Obstruction of Justice engages when ANY act is done that either "delays" or "defeats justice." Exactly how is justice facilitated by a process that allows cops to prepare an exhoneration script for a fellow cop?
Of course, Ian Bush was arrested for Obstruction of Justice. Was it a lawful arrest? No. Case law does not engage when someone goofs on a cop by giving them a fake name; it only engages when there is a clear attempt to defeat justice, and a present ability to do it. Koester admitted that Bush complied almost immediately. That would negate Obstruction.
As for the open-beer "charge," unlike Criminal Code offences - only Crown Counsel may register charges in BC, Quebec and New Brunswick - cops can enter charges under the Provincial Offences Act, but the usual practice is to have the alleged offender sign a promise to appear, under penalty of arrest for Obstruction. As long as they present ID, there is no obligation to take them in for booking. Koester admits that Bush was arrested because the cop omitted to carry the Promise to Appear document (that is a gross abuse of process, that would negate the Provincial Offence). An arrest is an extreme deprivation of liberty; arrests cannot be executed because a cop feels humiliated by temporary non-compliance.

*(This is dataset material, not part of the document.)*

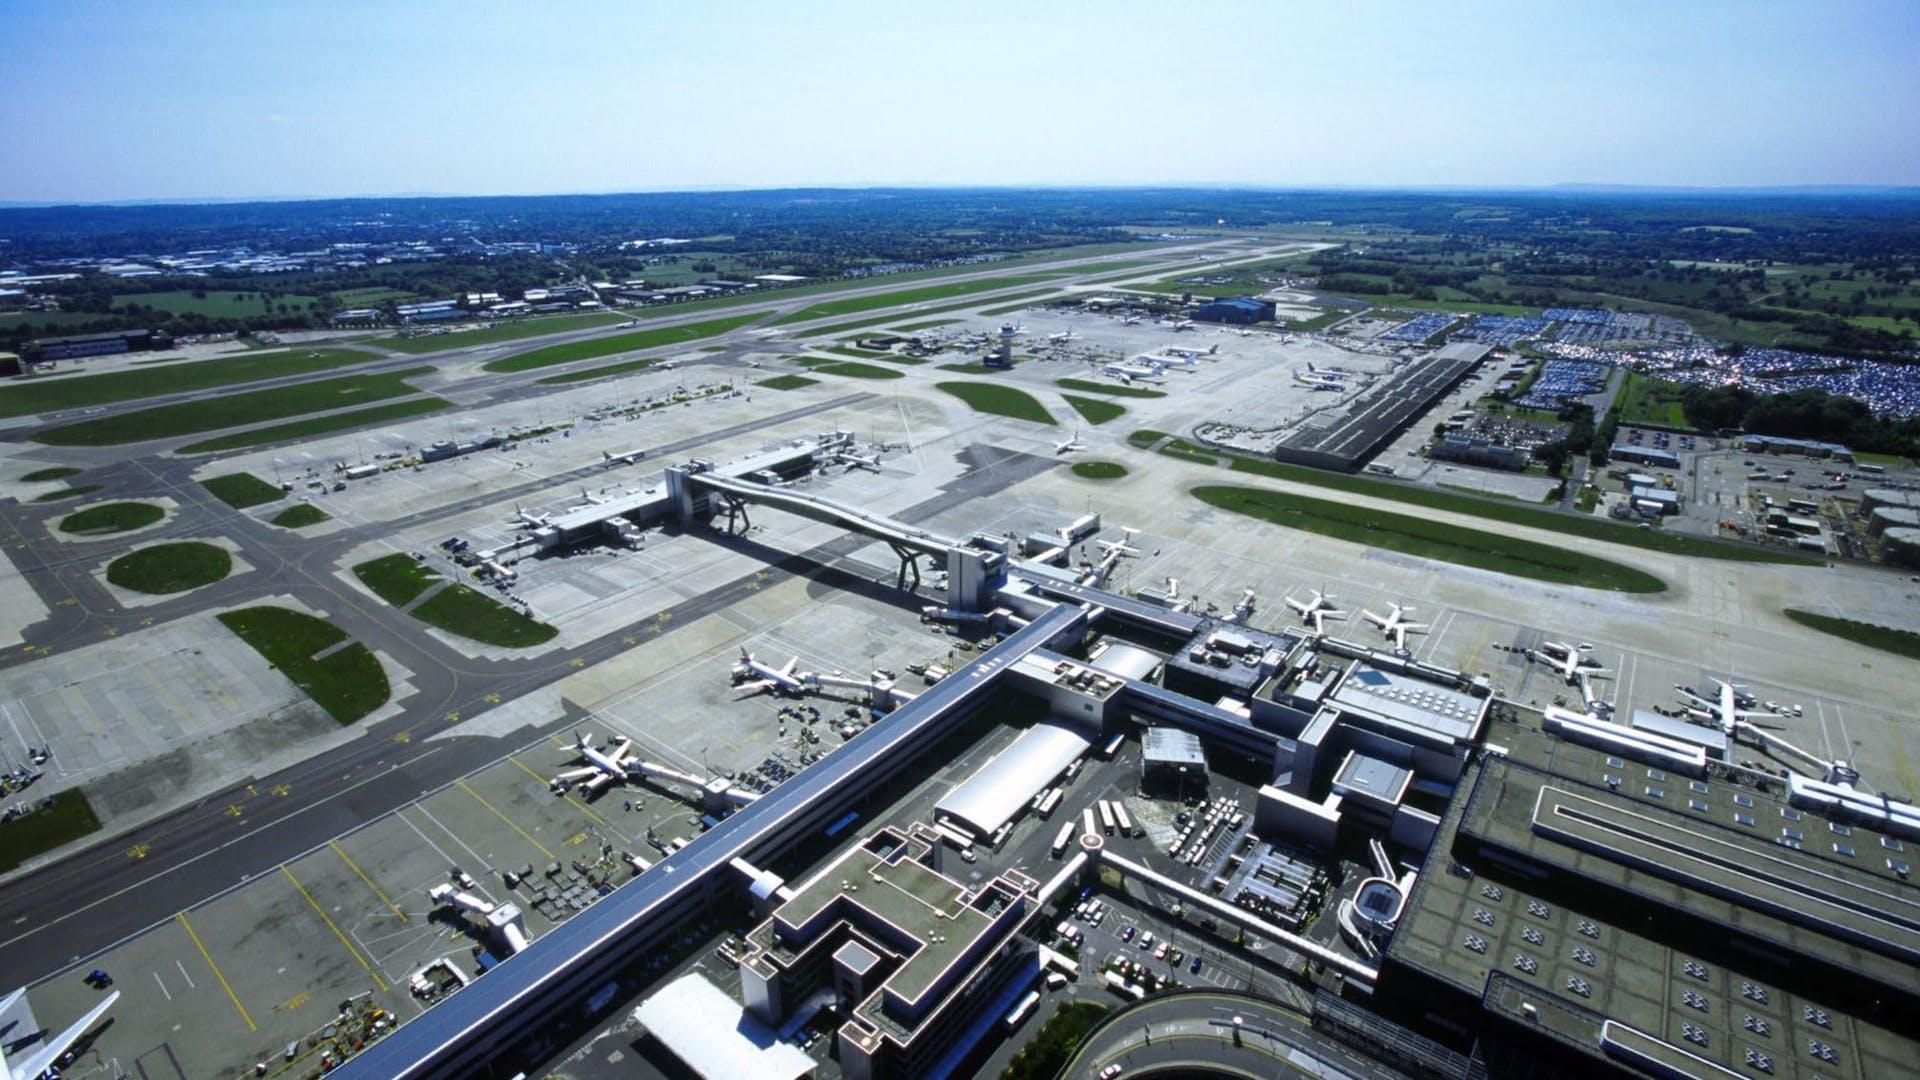 Gatwick Airport runway and terminal buildings

Bush had no legal liability, thus was hardly motivated by homicidal rage. However, although it is yet to be tested at the Bush inquest, homicidal Cop-Rage has been proven to arise where they perceive a threat to their self-described "authority." Remember: cops are schooled in only 65 days; their real training comes as they embrace the perverse Codes of Silence, Loyalty and Retaliation. How does one become an "expert" or "professional" in 65 days? Can't happen.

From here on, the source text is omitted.